**What this task involves**
An exact restatement of the data is required, with the images omitted.

**Available data**
*** Block opens ***

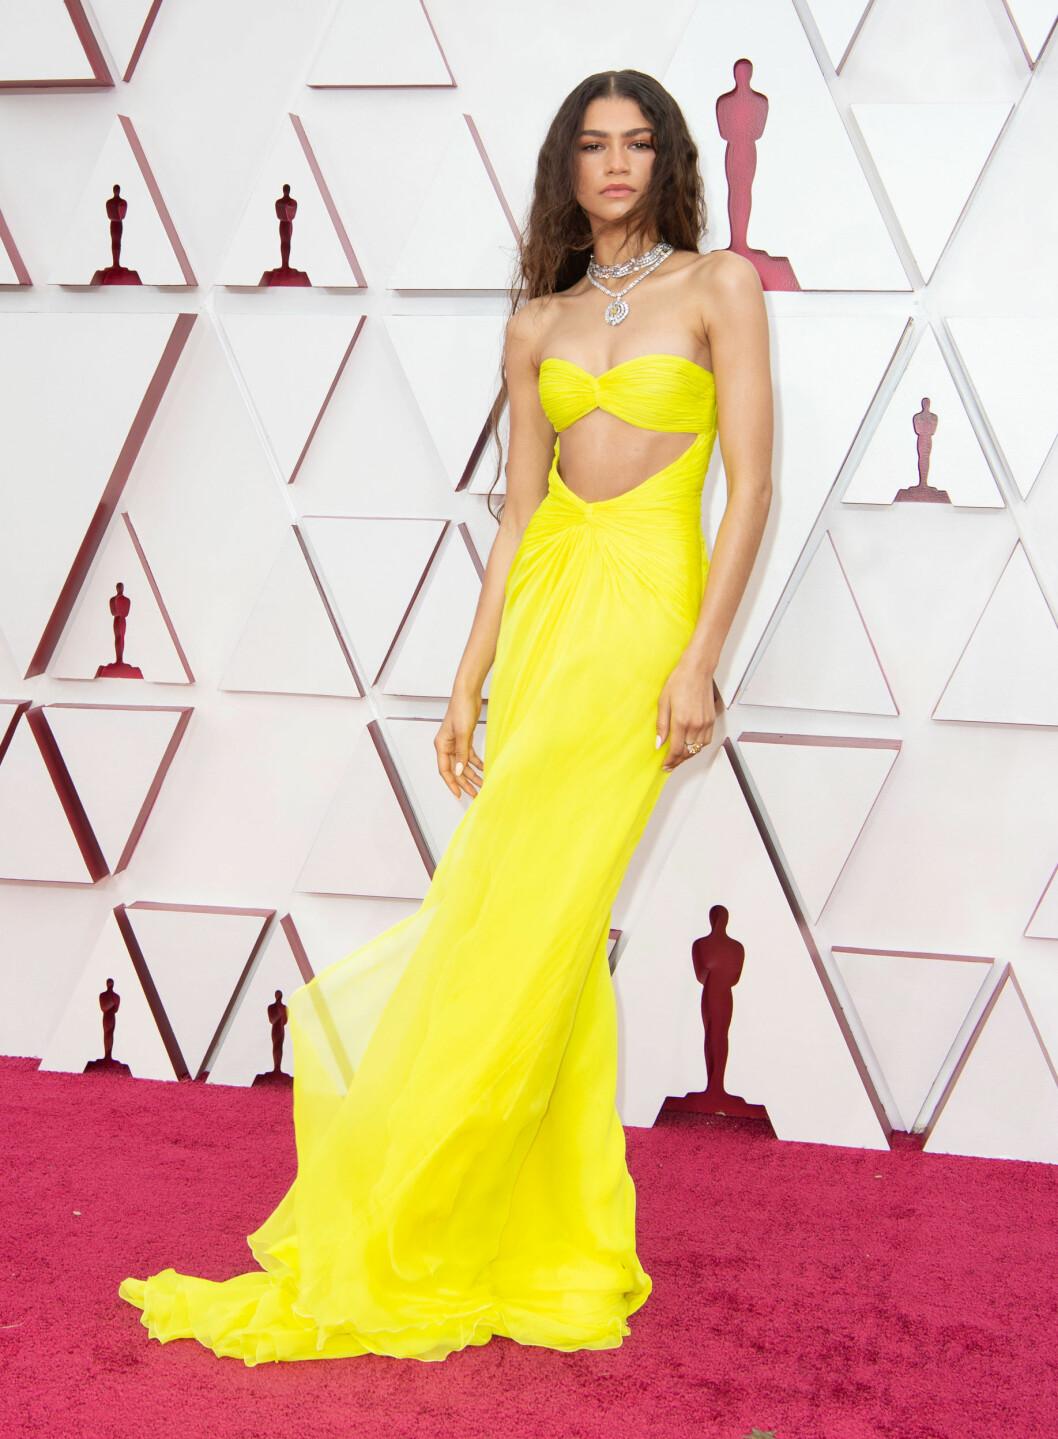 Zedanya i en gul klänning inspirerad av Cher
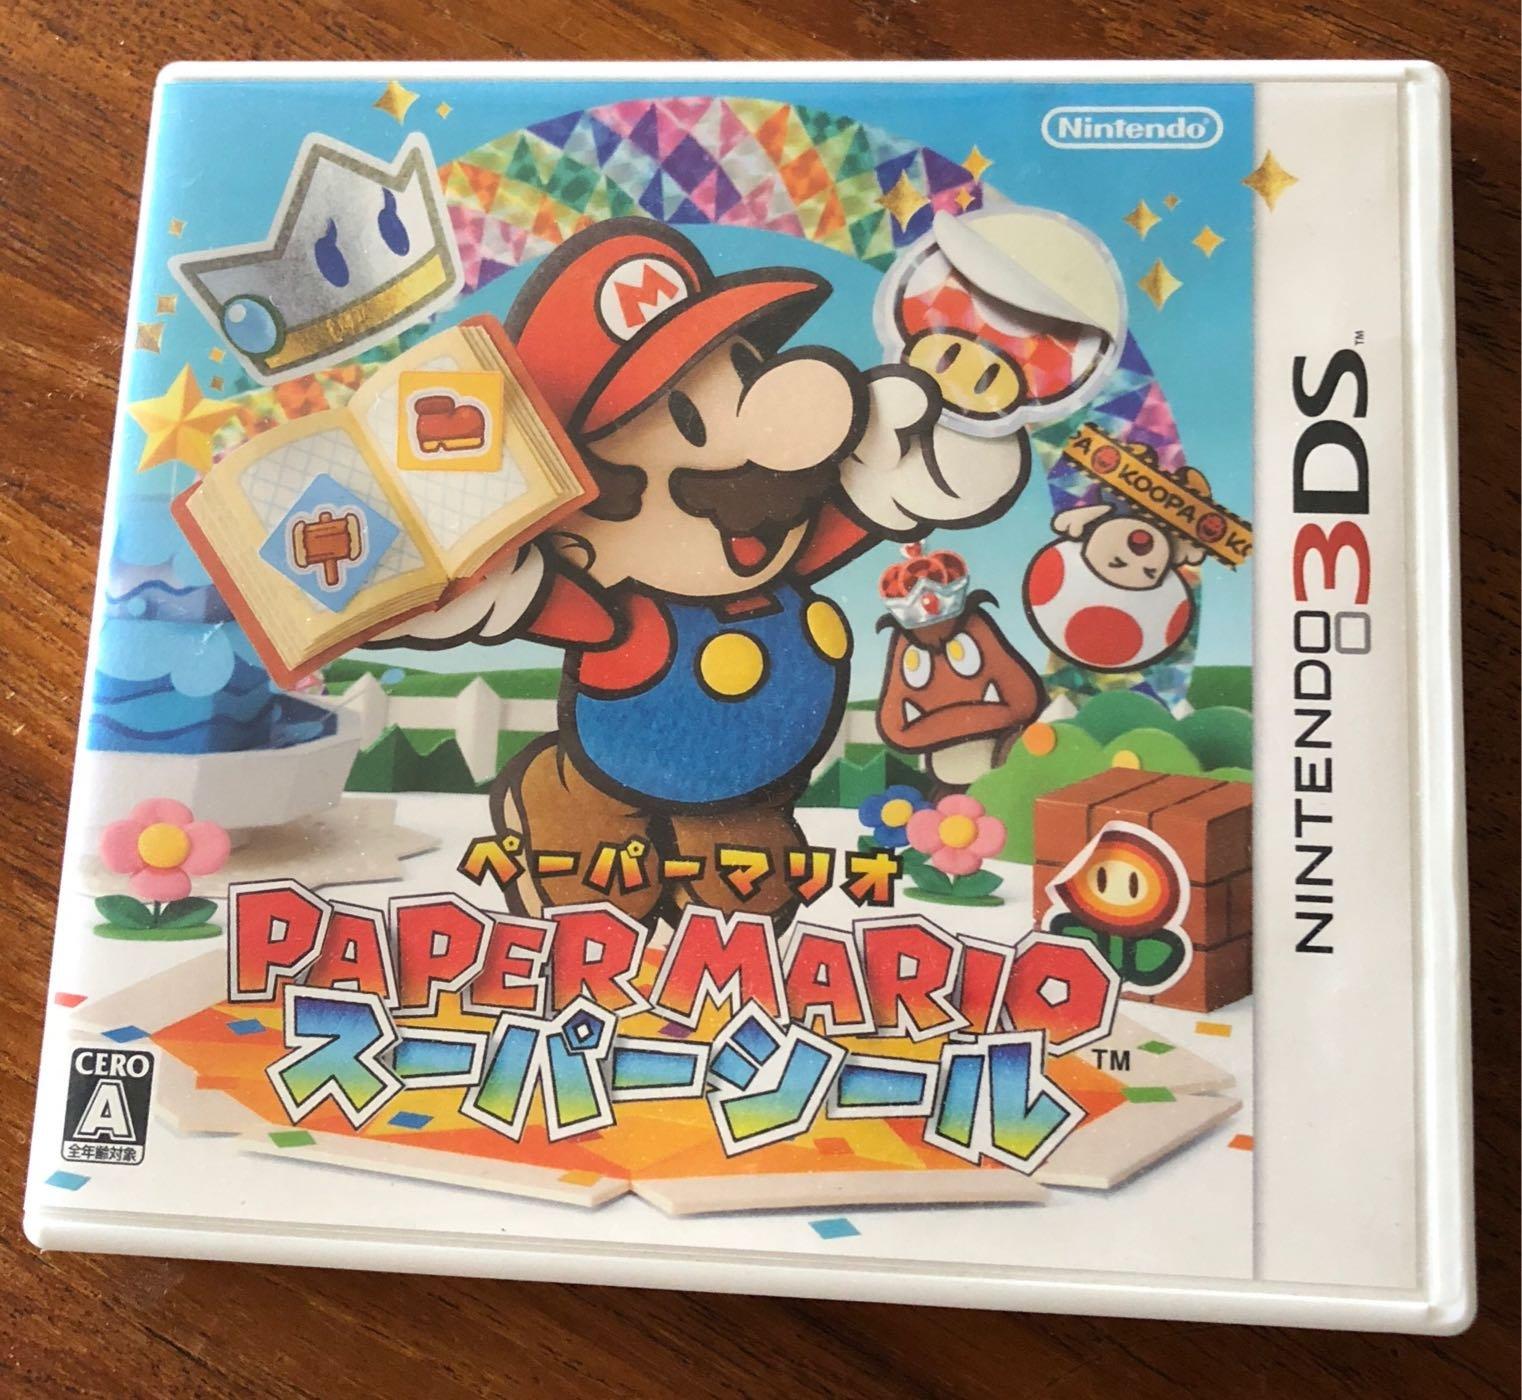 任天堂3DS遊戲/紙片瑪利歐 超級 貼紙貼紙之星 paper mario 日機專用(免運)
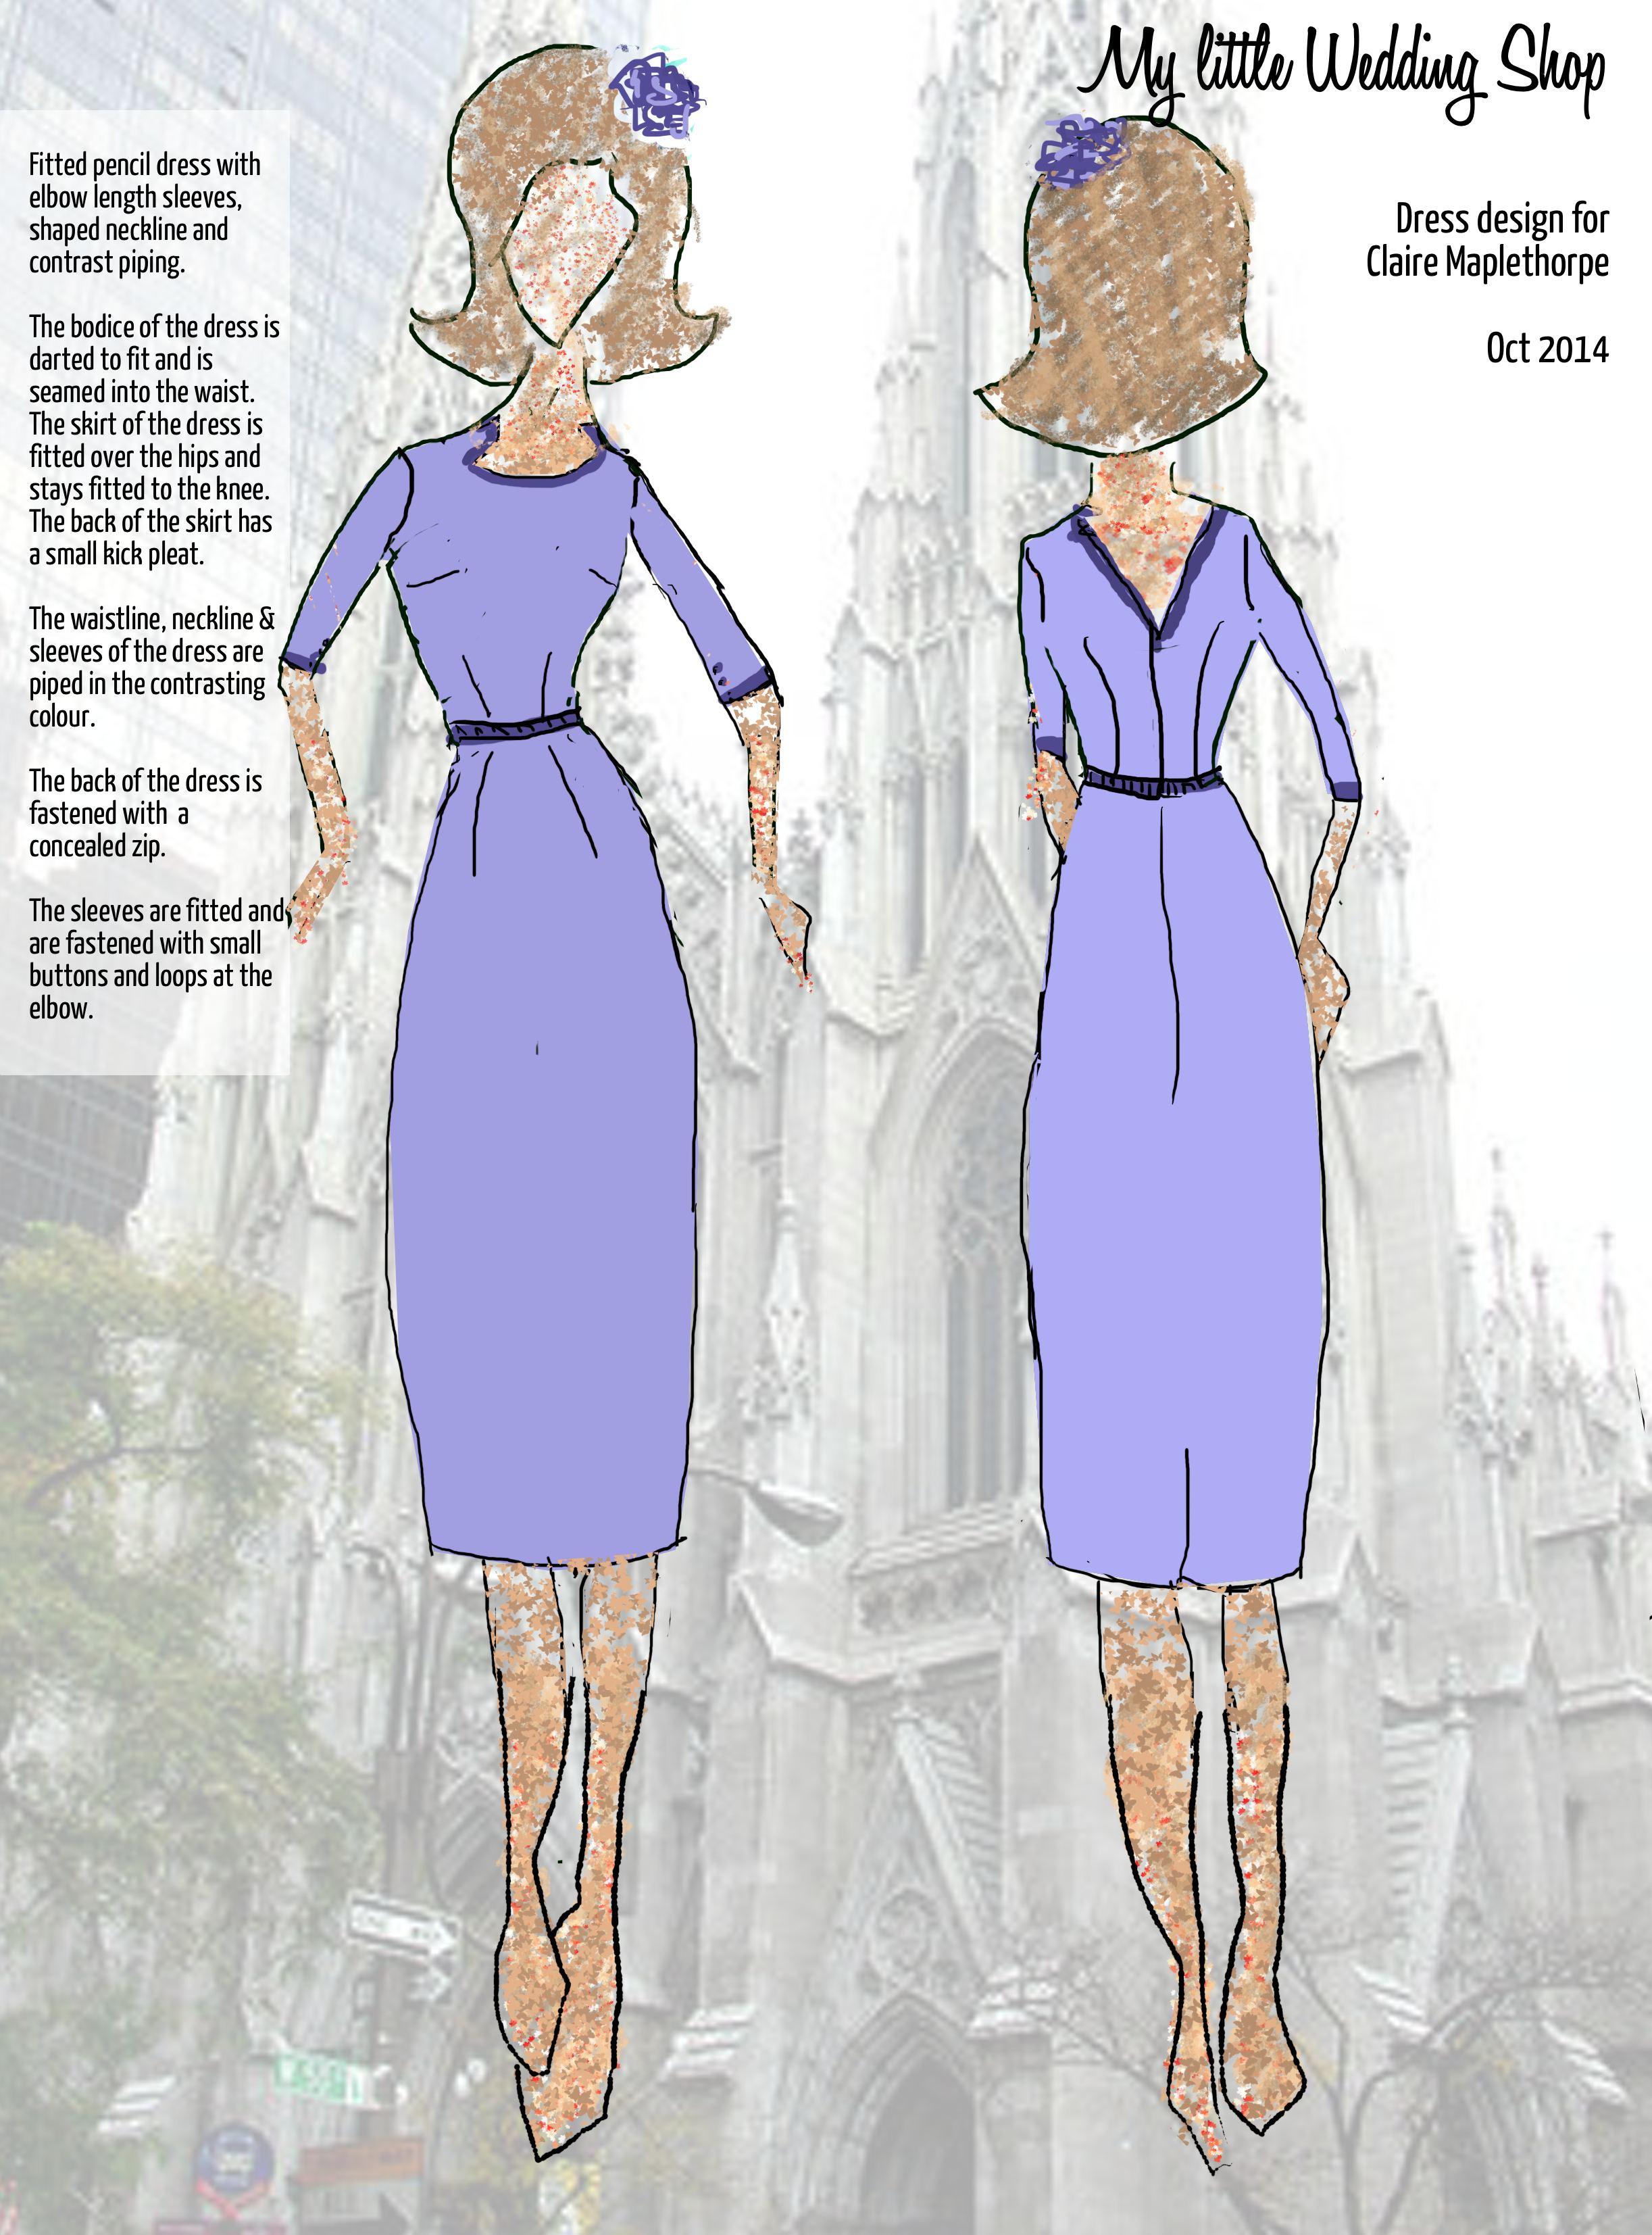 dress design Oct 2014.jpg

*** Block closes ***

**Exercise answer**
 Zedanya i en gul klänning inspirerad av Cher
 任天堂3DS遊戲/紙片瑪利歐 超級 貼紙貼紙之星 paper mario 日機專用(免運)
 dress design Oct 2014.jpg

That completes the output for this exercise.